Top of Exercise data

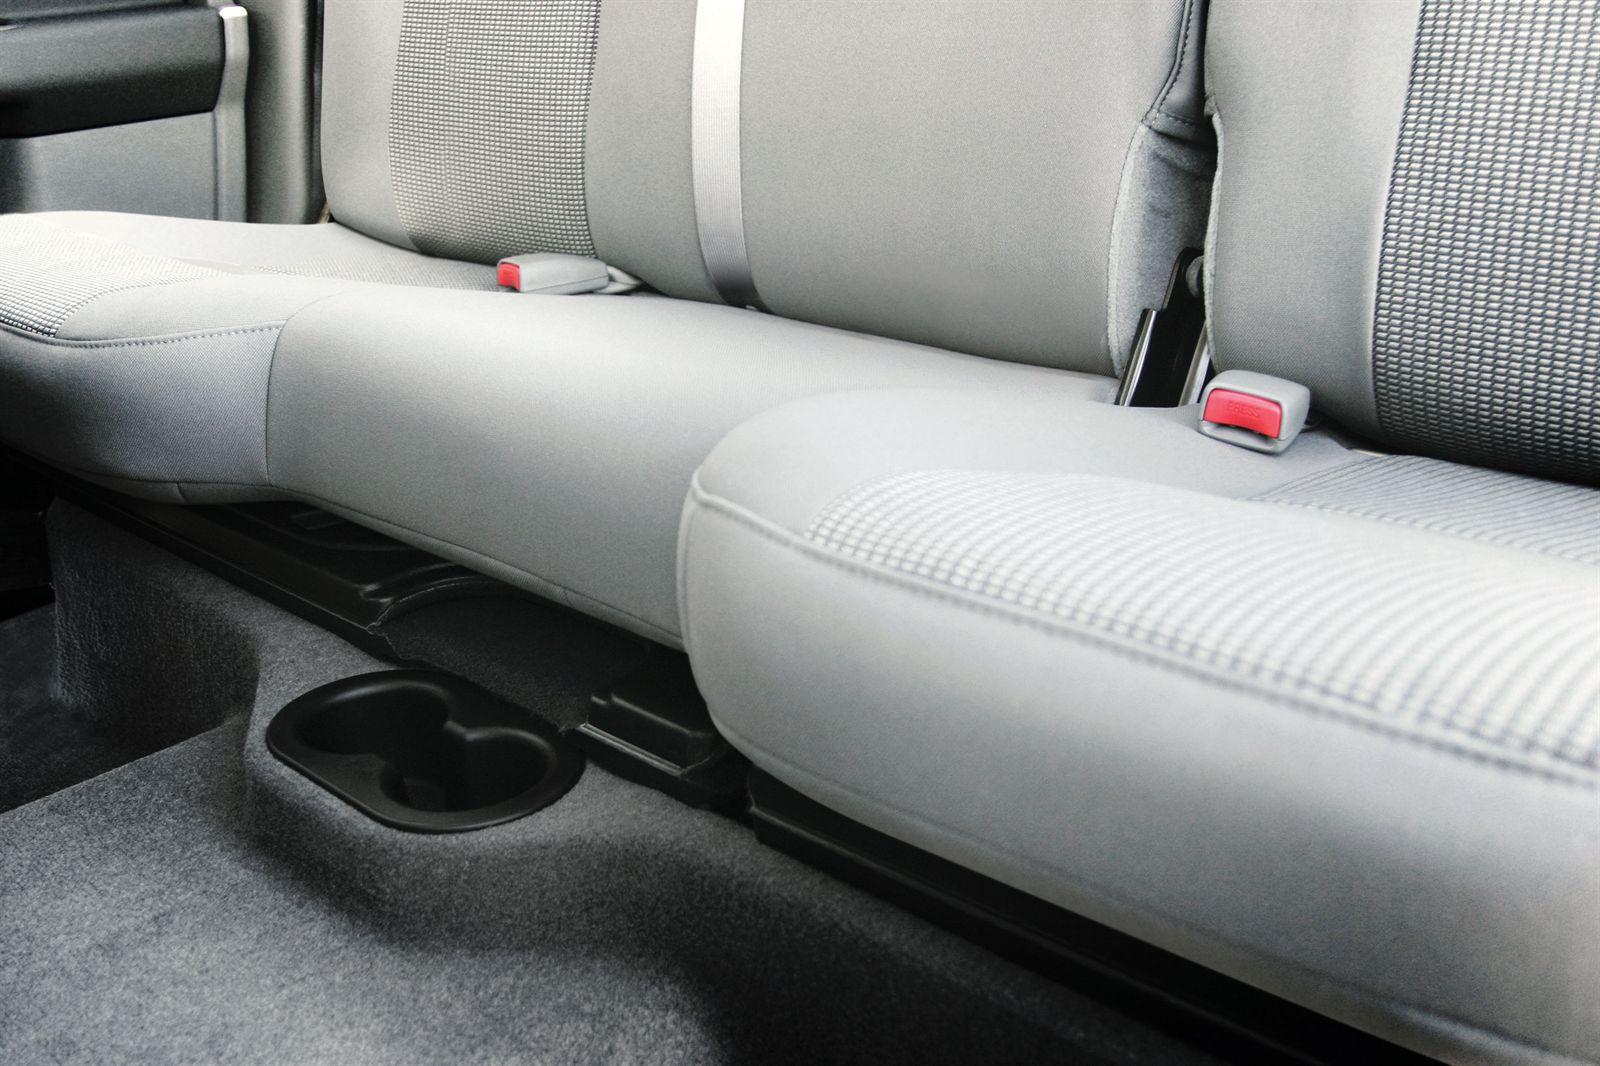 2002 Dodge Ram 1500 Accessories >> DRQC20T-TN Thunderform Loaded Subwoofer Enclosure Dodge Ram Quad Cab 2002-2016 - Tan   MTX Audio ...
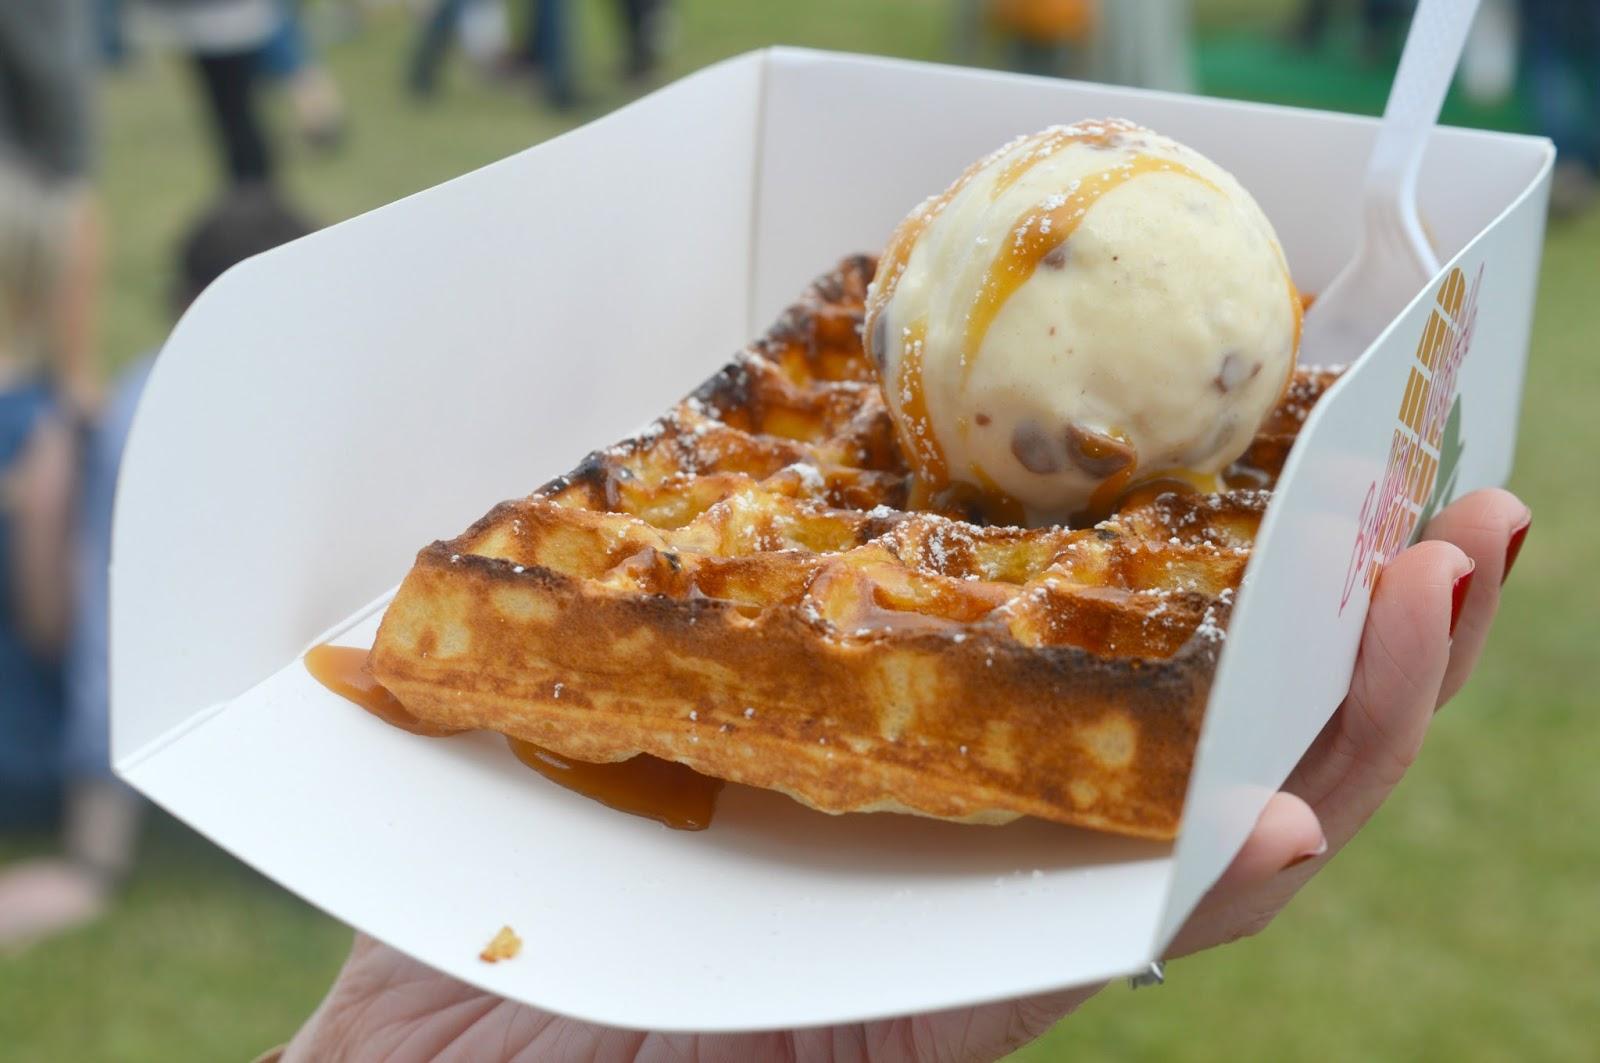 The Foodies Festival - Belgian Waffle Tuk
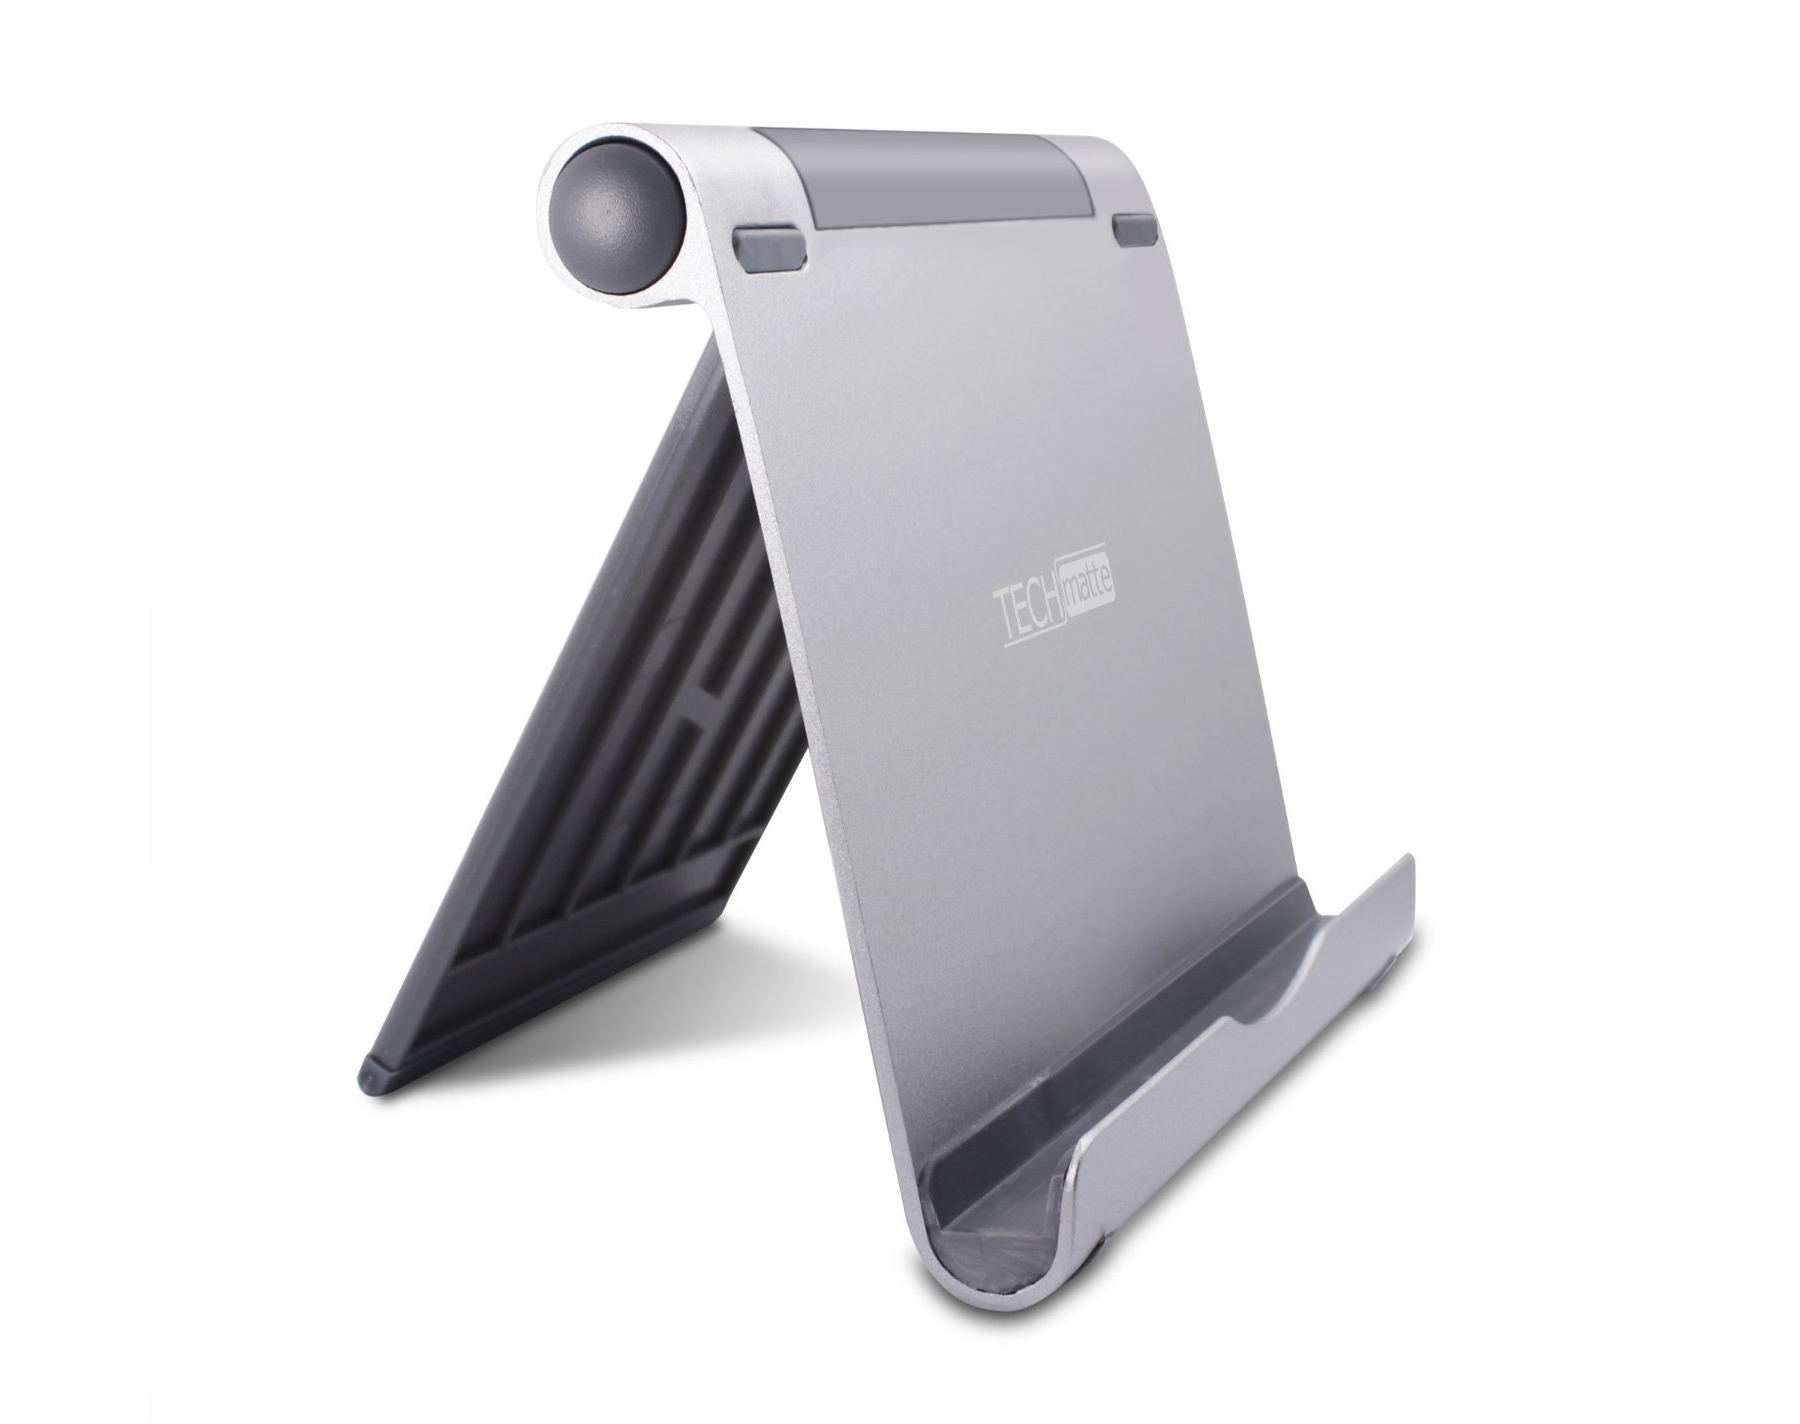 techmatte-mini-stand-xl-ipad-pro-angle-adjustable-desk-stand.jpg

Bottom of Exercise data

### What you are asked to do
Reproduce exactly, and only, the lines that begin at the one containing "The Foodies Festival - Belgian Waffle Tuk" and end with the final line of the data, both included, while omitting every picture.

### Expected answer
 The Foodies Festival - Belgian Waffle Tuk
 techmatte-mini-stand-xl-ipad-pro-angle-adjustable-desk-stand.jpg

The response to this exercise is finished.